It is available, in many locations, but only for a very select patient population meeting a long list of inclusion/exclusion criteria. The short answer is otherwise inoperable (by standard AVR) but it's not nearly that simple. There are Consensus Documents ("industry" approved recommendations for how to integrate into practice) for TAVR now available online that have basically everything you could ever want to know about TAVR, including the selection criteria:
http://content.onlinejacc.org/cgi/reprint/59/13/1200.pdf.
Increasing use of TAVR (expanding the patient group) in the US seems very likely as the technology evolves, as many expert surgeons are saying, but obviously there are no guarantees on timing or degrees of success. Often lost in the hope for the future of TAVR is the fact that standard AVR in low risk patients is already extremely safe, and it may be quite some time before TAVR ever begins to approach that and offer true clinical benefit.
I read an earlier version of the Consensus Documents a few months ago, prior to final publication, that I think had even more information, and for those with interest, it is pretty fascinating to learn more about the technology. One example, some procedures have been done without general anesthesia! :eek2: Potential complications have gotten a lot of attention, particularly stroke, but there are actually pros and cons depending on the complication. For instance, the risk of developing A-Fib has shown to be lower, while on the other hand, the risk of developing heart block requiring pacemaker has shown to be higher (as much as 40% odds with the Medtronic valve - wow!).
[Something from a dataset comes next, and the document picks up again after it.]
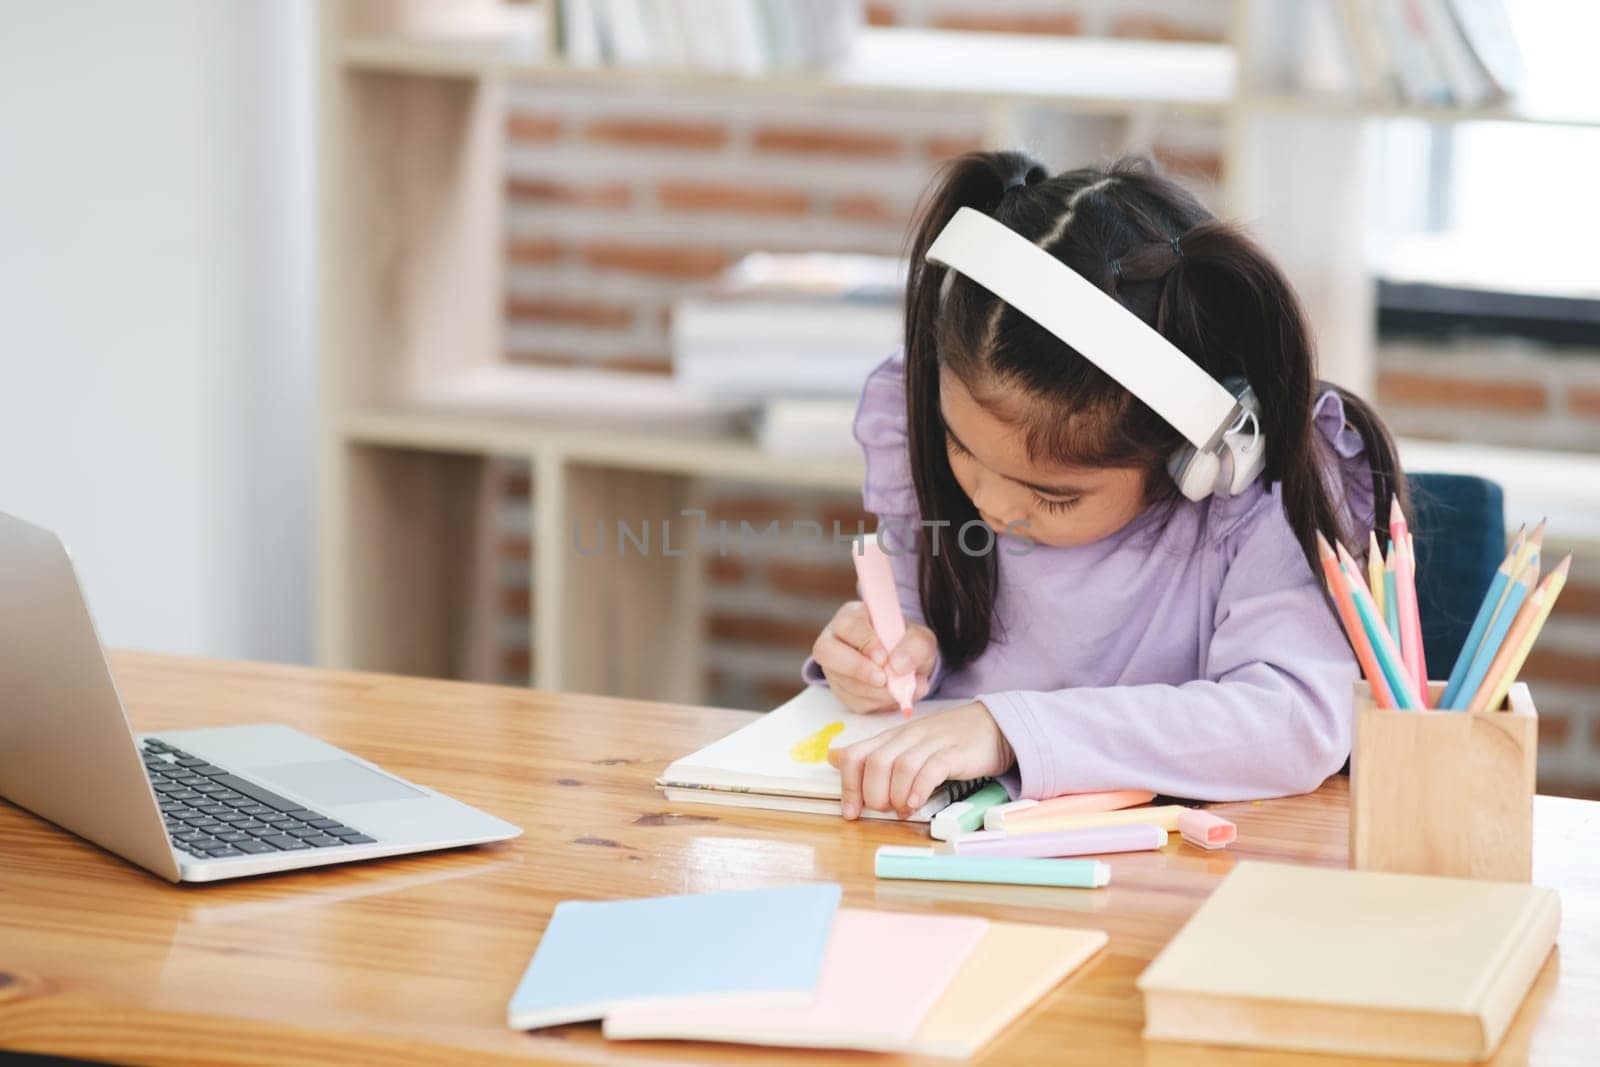 A young girl is sitting at a desk with a laptop and a notebook. She is drawing with markers and wearing headphones. The scene suggests that she is working on a project or assignment

Anyway, back to the future of the TAVR, just to save everyone time reading through, here's part of what these guidelines have to say about expanding the patient groups in the future:
"Valve-in-Valve:
Although repeat operation can be considered, an attractive option is to use a TAVR procedure in which the device is deployed within the previously placed bioprosthesis (209,249–254). In multiple small series, transcatheter aortic valve-in-valve implantation appears to be a safe option for the management of bioprosthetic valve failure in patients at high risk for reoperative conventional AVR. In this setting, coronary anatomy should be carefully defined in order to minimize the possibility of coronary obstruction by the transcatheter prosthesis (209,220,250,255). In addition, valve-in-valve procedures require a large enough bioprosthetic valve inserted at the index operation to prevent patient prosthetic mismatch with the TAVR valve.
Bicuspid Valve:
The asymmetric valvular anatomy often seen with a bicuspid aortic valve theoretically predisposes to a noncircular expansion of the TAVR device, thereby creating an increased risk of paravalvular regurgitation (256). Because of this concern, the presence of a bicuspid aortic valve is considered a relative contraindication to TAVR. Since bicuspid aortic valve patients have generally been excluded from major TAVR trials, there is little clinical experience in this area. Several centers, however, have achieved reasonable success in selected bicuspid aortic valve patients with AS.
Lower Risk Populations:
Data from the STS Registry indicate that approximately 10% of patients undergoing AVR have an STS score 8 and therefore would be potential candidates for TAVR using current selection criteria. There has been interest in expanding the potential group of candidates for TAVR to include patients with an STS score 4. This would broaden to 25% the number of patients who might be treated with TAVR rather than AVR. There has been concern about the potential for “selection creep,” with more lower-risk patients treated with TAVR. This should be avoided until more evidence-based data become available on the outcome of TAVR versus AVR in these patients. The planned and ongoing trials evaluating both the Sapien and the CoreValve in lower-risk populations will be of central importance in identifying subsequent utilization of this technology in expanded patient groups."